Horizontal pleiotropy: the genetic instrument influences exposure and outcome via two independent biological pathways (Figure 1D)

We propose a framework combining methods developed within and outside the MR community to explore robustness of MR findings to spurious pleiotropy when only one or a few genetic instruments are available for a particular exposure.

Briefly, the framework aims to assess the plausibility that any of the above-mentioned spurious pleiotropic mechanisms introduce bias in MR findings as follows:

Confounding by linkage disequilibrium (Figure 1B) can be tested using genetic colocalisation analysis.
Reverse causation (Figure 1C) can be investigated using MR methods to test whether the outcome is likely to affect the exposure (hereafter reverse MR). Evidence of bidirectional effects could indicate a genuine bidirectional relation or, alternatively, wrong inferences on the causal direction of the relation between exposure and outcome, as detailed in Analysis methods (item 3.2).
Horizontal pleiotropy (Figure 1D) can be explored by using genomic annotation tools and integrating high-dimensional omics data to improve knowledge on biological mechanisms linking genetic variants, exposure, and outcome.

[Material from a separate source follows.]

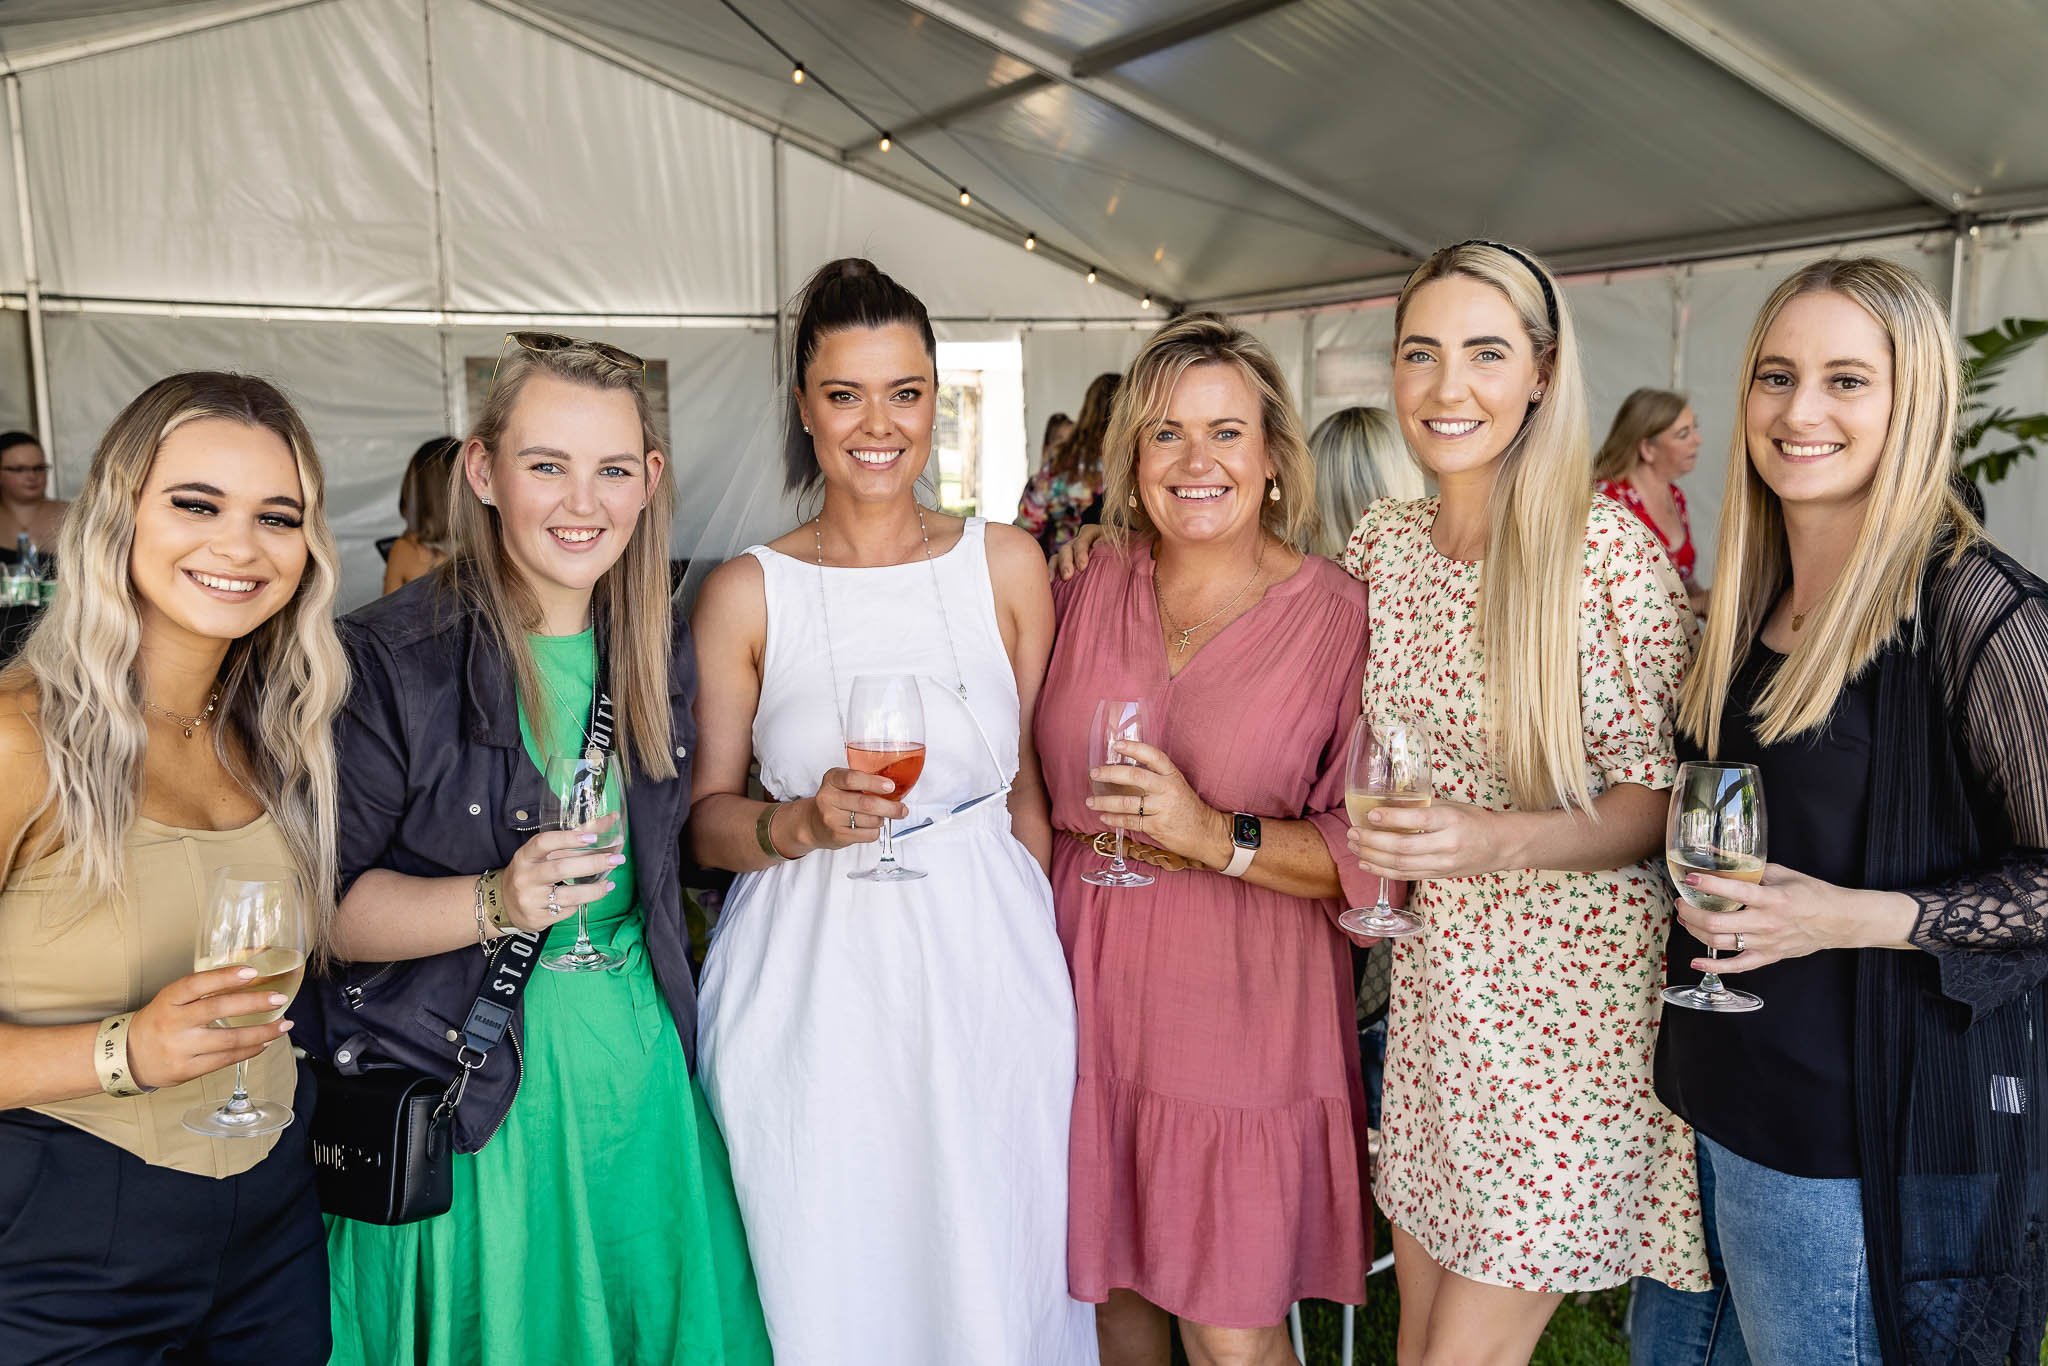 Ammon_Creative-Event_Photography-CMS_Events-UnWined_Subiaco-Image_07.jpg

As a motivating example, we have used this framework to assess the causal role of circulating docosahexaenoic acid (DHA) on coronary artery disease (CAD) risk. For several decades, this long chain omega-3 fatty acid has been considered a protective factor against CAD risk. However, recent systematic reviews of observational studies and randomised controlled trials (RCTs) have cast doubt on long-held beliefs concerning the cardioprotective effects of DHA (Abdelhamid et al., 2018).

Figure 1. Diagrams representing the putative causal relations between genetic instrument, exposure (DHA) and outcome (CAD risk)

Data:

Summary data for the association of genetic instrument with circulating DHA from Kettunen et al. (2016) was extracted from MR-Base (Hemani et al., 2018)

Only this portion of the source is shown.